Equivalence: While many jurisdictions now have or are developing cryptoasset regulators frameworks, MiCA does not have a mechanism for recognising or deferring to a third country regime. The consultation asks whether there is merit in introducing an equivalence regime for global stablecoins.
Cryptoasset services: The Commission asks whether the list of regulated cryptoasset services under MiCA should change, including whether lending and borrowing of cryptoassets should be regulated. The Commission also asks whether MiCA allows EU consumers and investors to have sufficient access to global trading and liquidity pools.
Appropriateness: The consultation asks whether MiCA should require CASPs to consider the appropriateness of certain services for their customers, especially retail clients.
Prudential regime: The Commission asks whether the prudential regime, which requires CASPs to hold regulatory capital, is appropriate to capture the risks associated with cryptoasset services.
Reporting: Currently, MiCA does not impose formal reporting obligations on CASPs. The consultation asks whether CASPs should regularly report on, for example, their holdings of cryptoassets, their exposures to crypto derivatives and information on counterparty risk.
ESG: MiCA requires cryptoasset white papers to contain information about the environmental impact of the relevant consensus mechanisms and CASPs to make this information available. The Commission asks whether this sustainability reporting is appropriate or could be improved.
Payments: The consultation asks whether changes to the EU’s payment services framework sufficiently clarify the interplay between that regime and MiCA.
Tokenised deposits: Deposits fall outside the scope of MiCA but the Commission invites feedback on any regulatory issues which constrain the development of tokenised deposits in the EU.
Tokenisation: While MiCA is fundamentally a regulatory framework, the consultation also raises private law considerations, including around tokenisation “ownership” models and whether a conflicts of law rule could address certain proprietary matters concerning cryptoassets.
DeFi: MiCA does not apply to fully decentralised cryptoasset services. The Commission does not suggest changing this approach but asks about the factors that should be considered when assessing the degree of decentralisation. The consultation also asks if MiCA should indirectly account for DeFi by, for example, requiring CASPs to conduct due diligence over DeFi protocols, make disclosures to their clients about DeFi risks, or take liability for incidents relating to DeFi applications, and whether certification schemes should be introduced for DeFi protocols and smart contracts.
Simplification: As part of the Commission’s simplification agenda, the consultation asks for examples of administrative simplification or burden reduction measures it could take forward.
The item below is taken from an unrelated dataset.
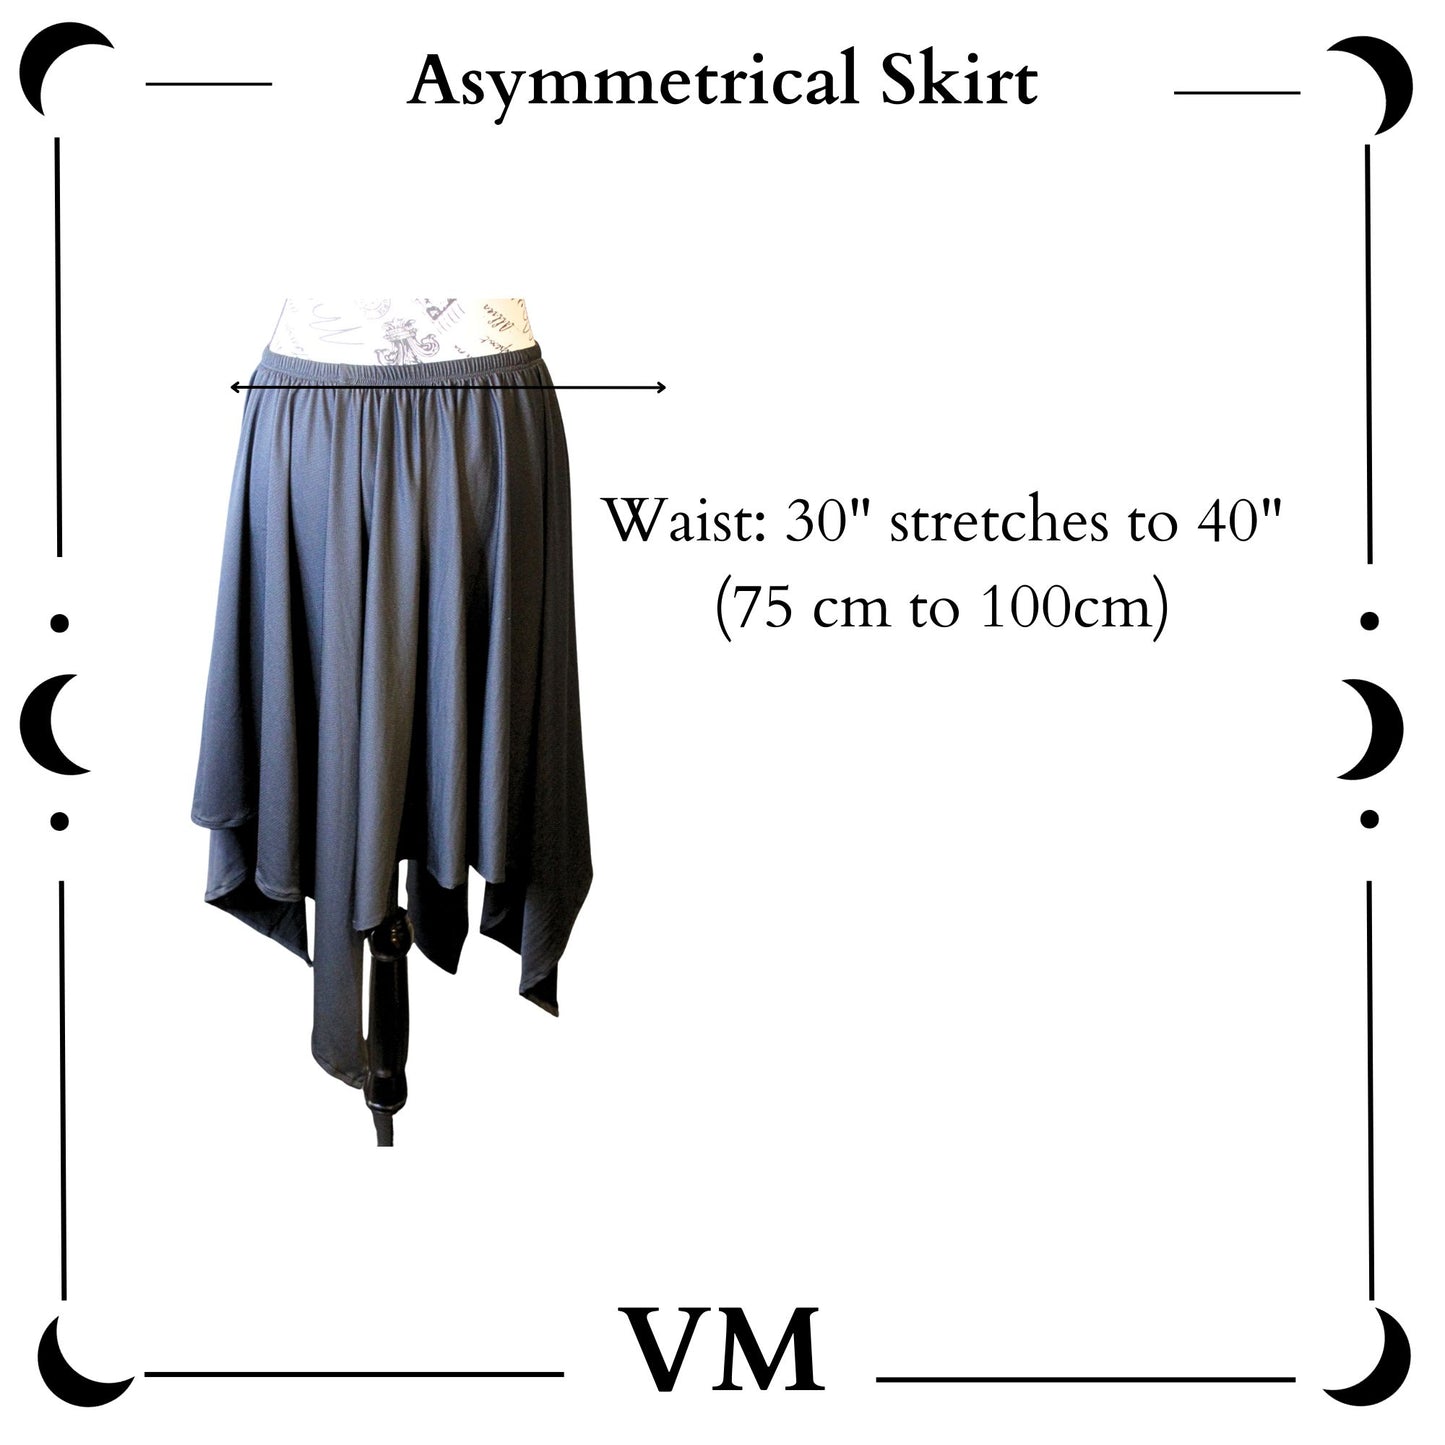 The VM Long Asymmetrical Skirt

Despite being labelled as a “targeted” consultation, the broad range of questions invites firms in the crypto and financial services industry to share their views on how MiCA should evolve across all aspects of the regime. This may include share lessons learned from other regulatory regimes that have emerged since MiCA was introduced, including the UK cryptoasset regime which will start to apply in October 2027.
Firms have just over three months to respond to the consultation which closes on 31 August 2026. Firms should particularly note the potential impact of changes to the scope of MiCA (e.g. the approach to DeFi, regulated services, and interplay with other regulatory regimes) and new rules which could have operational impacts (e.g. appropriateness tests, reporting requirements, and liability for DeFi).